Making the state into the parent will affect us all, not just kids. I (and plenty of others) will fight to the end to preserve the last vestiges of the free, open internet. Overlay networks and even sneakernet if necessary. We’re not going to accept authoritarian control of communications no matter how much politicians want it.
Well said. This is a social failure being exploited by shrude politicians to usurp more authority. Replacing parents with the state keeps playing out, and keeps being a horrible idea.
That's a very good point
Assuming the reason for these laws is to protect children from pornography, you could ask, what are the specific harms from pornography? You could identify those harms through scientific study (some have been done; it appears the harms are mostly due to a lack of education and understanding about what's going on in porn) and address them (educate children to understand what's going on intellectually/emotionally and how to treat people with respect). But that would require talking to kids about sex, which adults are petrified of. Our culture is puritanical, and uses fear and shame to avoid dealing with things like sex. It then perpetuates this fear and shame onto each generation, and it pervades every product and service we have. So we could try fighting the irrational fear and become less afraid of sex (and pornography would probably change because of it). But good luck doing that in this country.
> I don't know what to do about it
1. No smart phones for the child before the age of NN, me I say 18. A Smart phone makes a great High School Graduation gift.
2. Only internet access from a desktop computer with a hosts file that the child cannot change.
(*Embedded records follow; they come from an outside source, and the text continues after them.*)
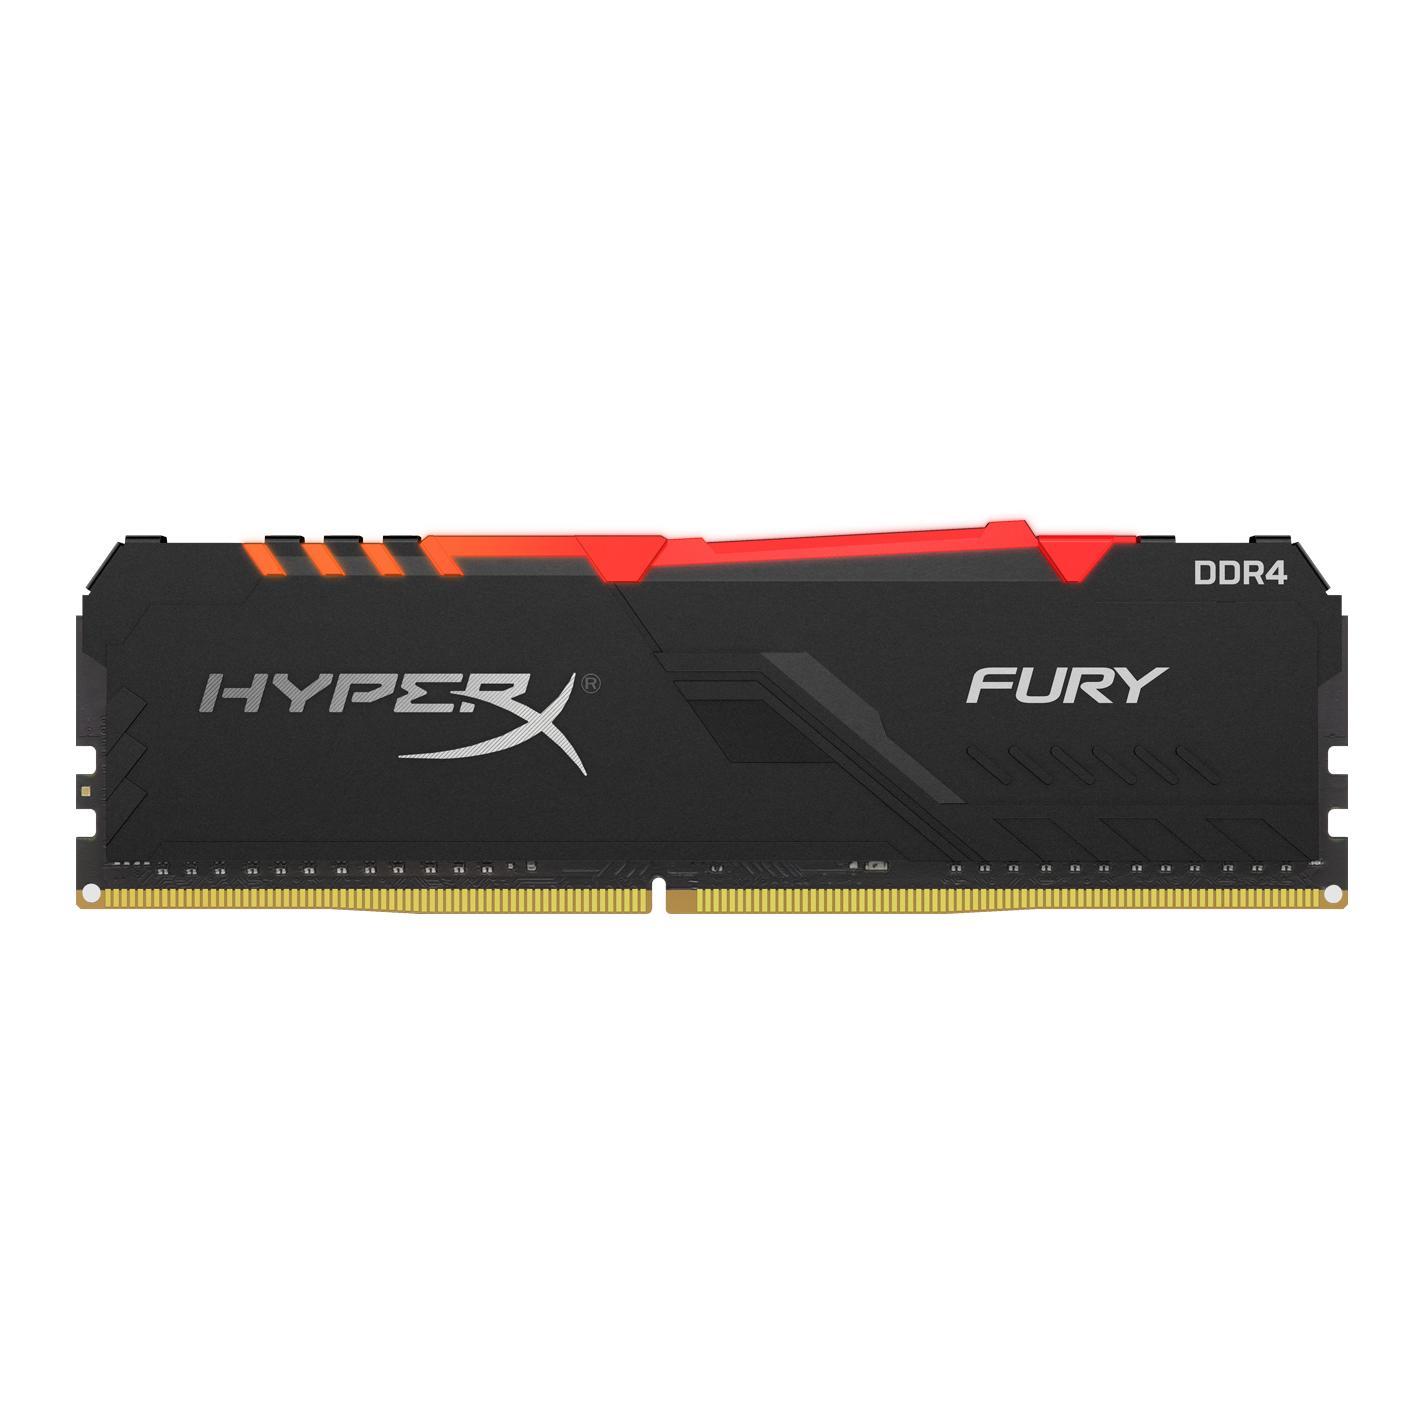 HYPERX FURY HX432C16FB3A/16 MEMORY MODULE 16 GB DDR4 3200 MHZ
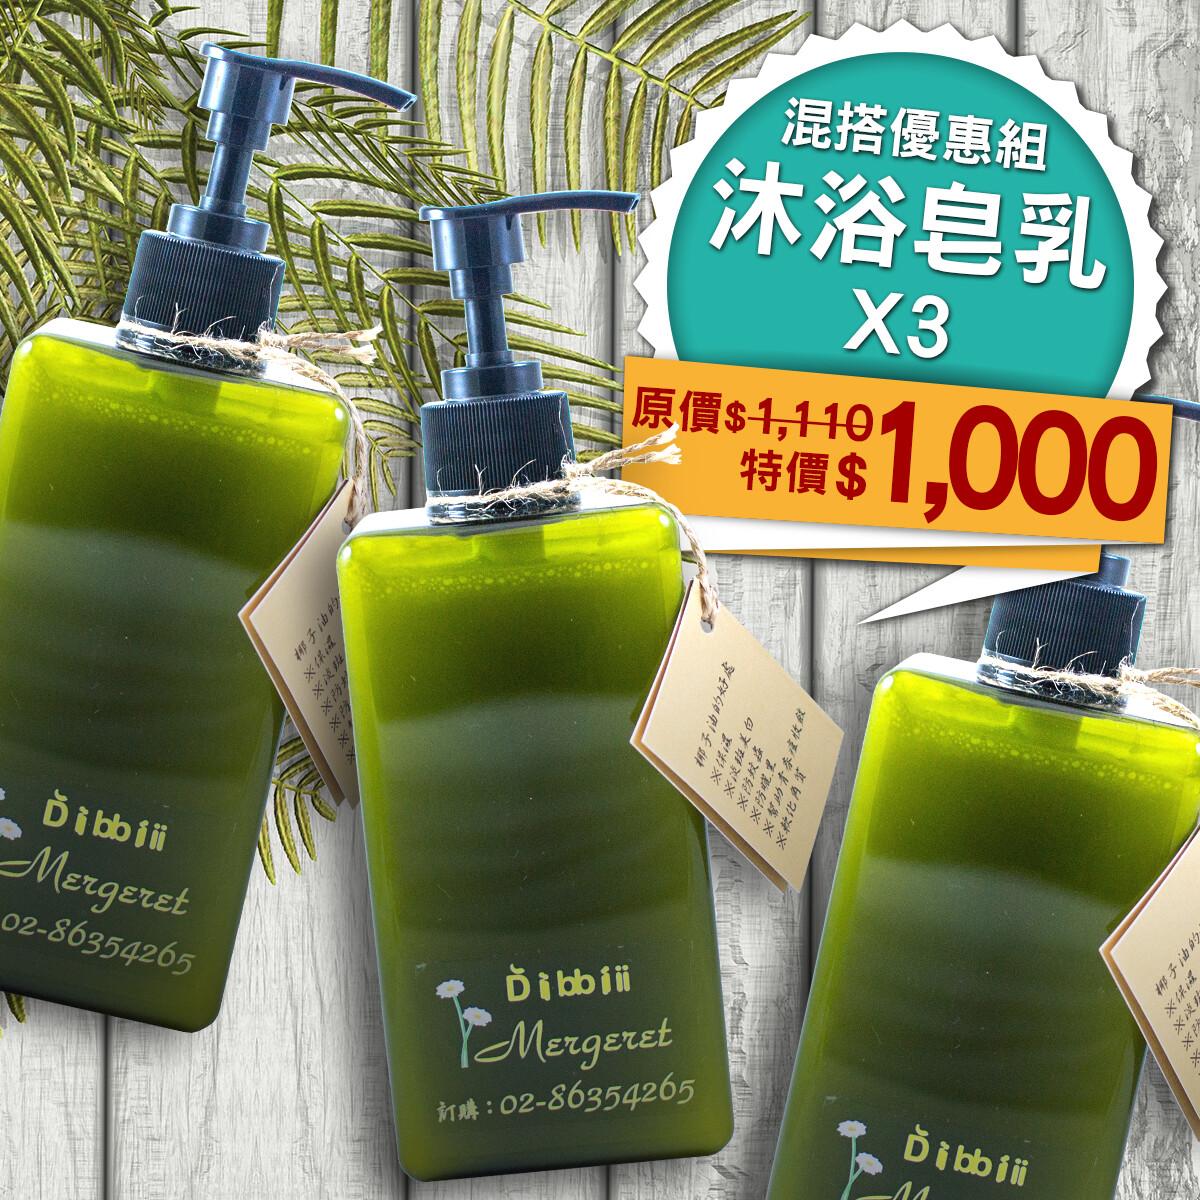 Diibbiiii椰子油美膚皂乳 - 混搭組合:沐浴皂乳x3(500ml) - 活動特惠$1000
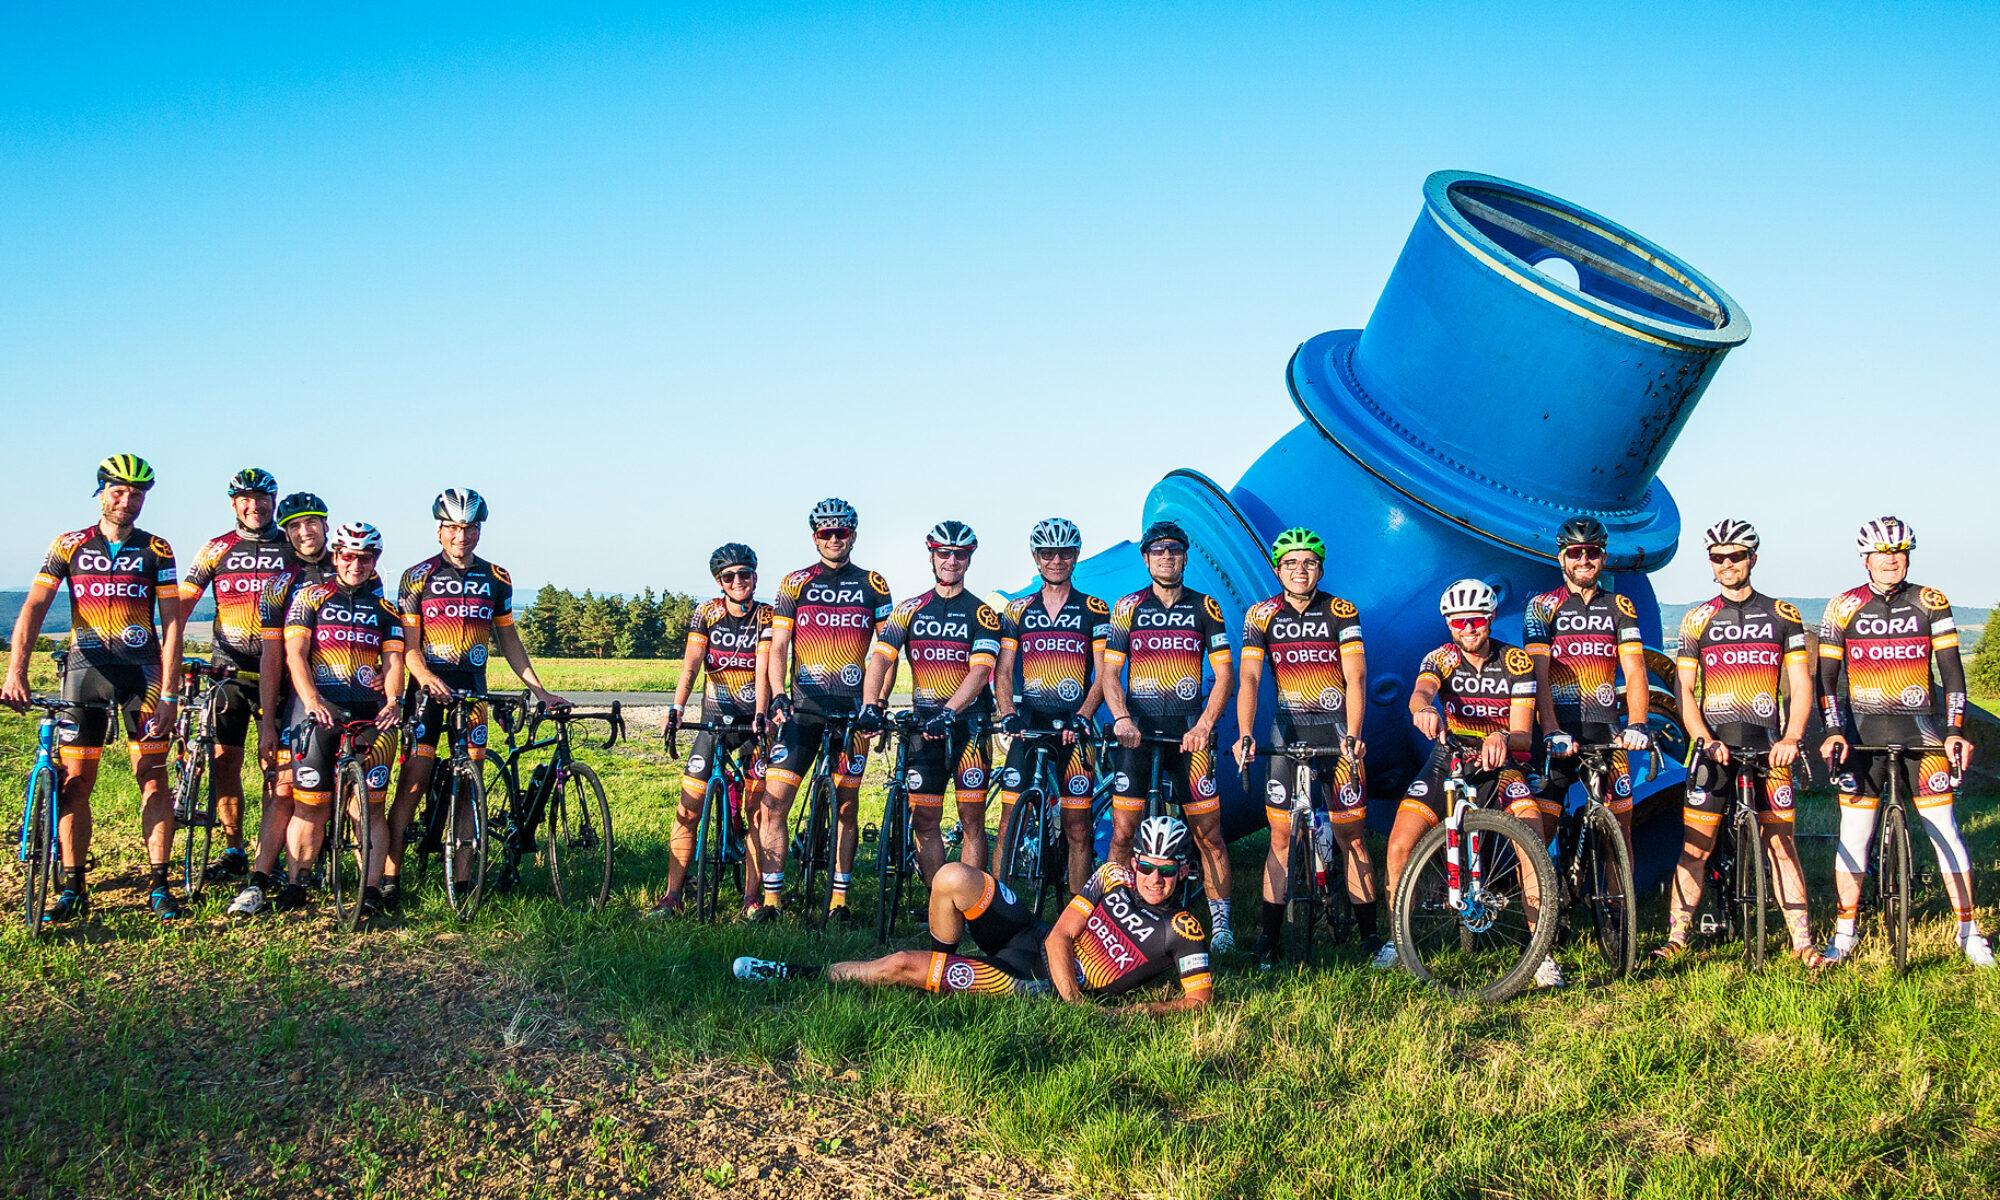 Coburger Radsport e.V.

That probably means no Microsoft Windows PC. See: https://someonewhocares.org/hosts/
eazy-peezy
You either don't have kids, or your children are adults.
It's impractical in today's world to raise children without access to devices like tablets and smart phones. That's like having a sugar-free, no TV, hand-sewn, ect, ect, household.
What's more important is to know what your kids are getting into, making sure they are comfortable discussing what they see, and teaching them independent decision making skills.
For example, a few years ago, my then seven-year-old complained to me about all of the Jesus videos that were popping up on Youtube. I told her to thumbs down them, and now Youtube no longer suggests them. She also knows that if other kids watch Jesus videos, that's their right and to keep her mouth shut.
>> Hmm I can't find any porn on the internet, better ask around
> Sure Timmy I'll send you porn, but it's illegal and I'm taking a big risk here so you gotta do something for me, also you can't tell anyone
You've failed to solve the porn problem and now you've created a larger grooming/CDM problem.
You can add porn sites to the hosts file yourself.
The point that people are making is that while restricting overt internet porn does remove it from sight of a lot of kids, it will also continue to circulate as "samizdat" through whatever filesharing mechanisms exist. When I was at school someone got busted for distributing BBS porn on floppy disks, no network required. Now we have terabyte SD cards.
Absolutely true. When I was a kid a few people got in trouble for drawing and circulating pixelated “porn” on their graphing calculators. You can’t stop teenagers from being teenagers.